Charge in form of mixture of oxides and reductant is fed to heated furnace and is mixed in way of temperature rise at passage of gas mixture through charge in way of temperature rise. Size of particles of oxides does not exceed 2-4 mm. Used as reductant are hydrocarbons and/or oxygen derivatives of hydrocarbons and/or their polymers. Reduction process is completed within range of temperatures of forming final product at preset phase state.
Method of tin manufacturing from cassiterite concentrate / 2333268
Invention concerns tin metallurgy field and can be used for tin manufacturing while treatment of cassiterite concentrates. Method of tin manufacturing from cassiterite concentrate with content of 35-50% SnO2 includes batch preparation by blending of tin concentrate with coal and flux additive. In the capacity of flux additive it is used sodium carbonate and sodium nitrate. Melting is implemented at temperature 850-1000°C during 2 hours. For mentioned concentrate it is kept up following mass ratio: concentrate : coal : sodium carbonate : sodium nitrate, equal to 1 : (0.2-0.25) : (0.12-0.15) : (0.06-0.08). It allows without concentrate pretreatment to provide tin manufacturing of 98% purity at less in comparison with tradition approach, temperature.
Reduction method of metal and oxygen compositions Reduction method of metal and oxygen compositions / 2360982
At reduction of metal and oxygen composition effect as reducer, herewith at first stage gaseous CO is passed into reaction chamber, containing specified composition of metal and oxygen. In conditions, providing conversion of CO into solid carbon and carbon dioxide, formed solid carbon is introduced into metal and oxygen composition.

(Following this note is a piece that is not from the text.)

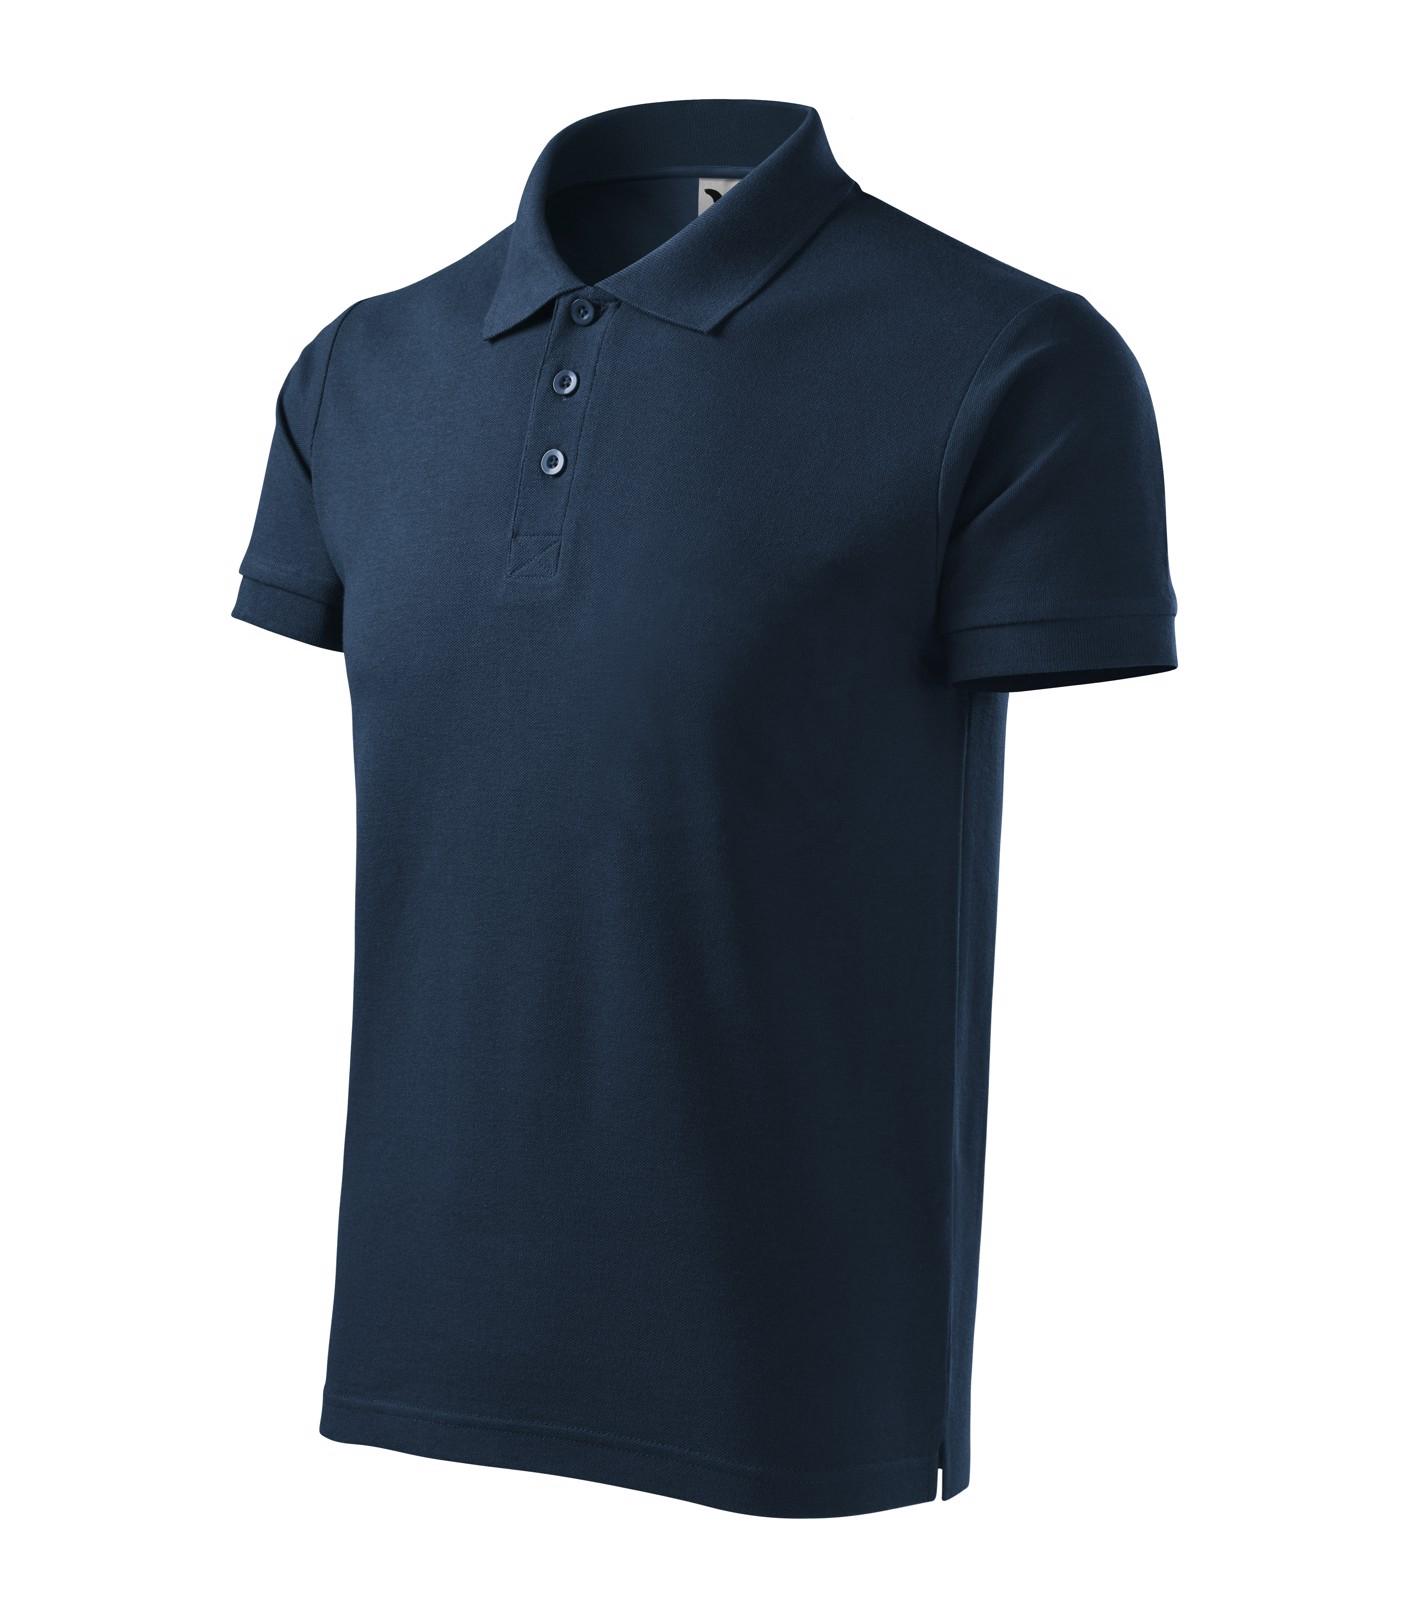 Polo Shirt Gents Malfini Cotton Heavy - Navy Blue / 2XL

At the second stage solid carbon, which is introduced into metal and oxygen composition at the first stage, reduces metal and oxygen composition. Additionally at the second stage it is, at least, the first material- promoter, conducive reduction of specified metal and oxygen composition. Additionally the first material- promoter contains the first metal- promoter and/or composition of the first metal- promoter.
Method of processing of iron-titanium concentrate Method of processing of iron-titanium concentrate / 2385962
Method includes formation of charge consisting of concentrate and sodium carbonate by means of intergrinding of components and reduction of charge components at presence of taken with excess carbonaceous reducing material at temperature 850-1300°C. Additionally batch material reduction is implemented up to providing of content of metallic iron in the range of particles dimensions 10-300 mcm not less than 80%. Received partly reduced conservative mass, consisting of metalise phase containing main part of iron and vanadium and oxide phase, containing main part of titanium and vanadium, it is grinned up to size not more than 300 mcm. Then it is implemented leaching of vanadium from reaction mass and leaching residue is separated from vanadate solution. After separation residue of leaching is subject to gravitational separation in water flow with separation of metalised and oxide phases. Metalised and oxide phases are separately subject to wet magnetic separation for receiving of metallic iron and titanium oxide concentrate. Additionally wet magnetic separation is implemented in the range of field intensity 20-300 E.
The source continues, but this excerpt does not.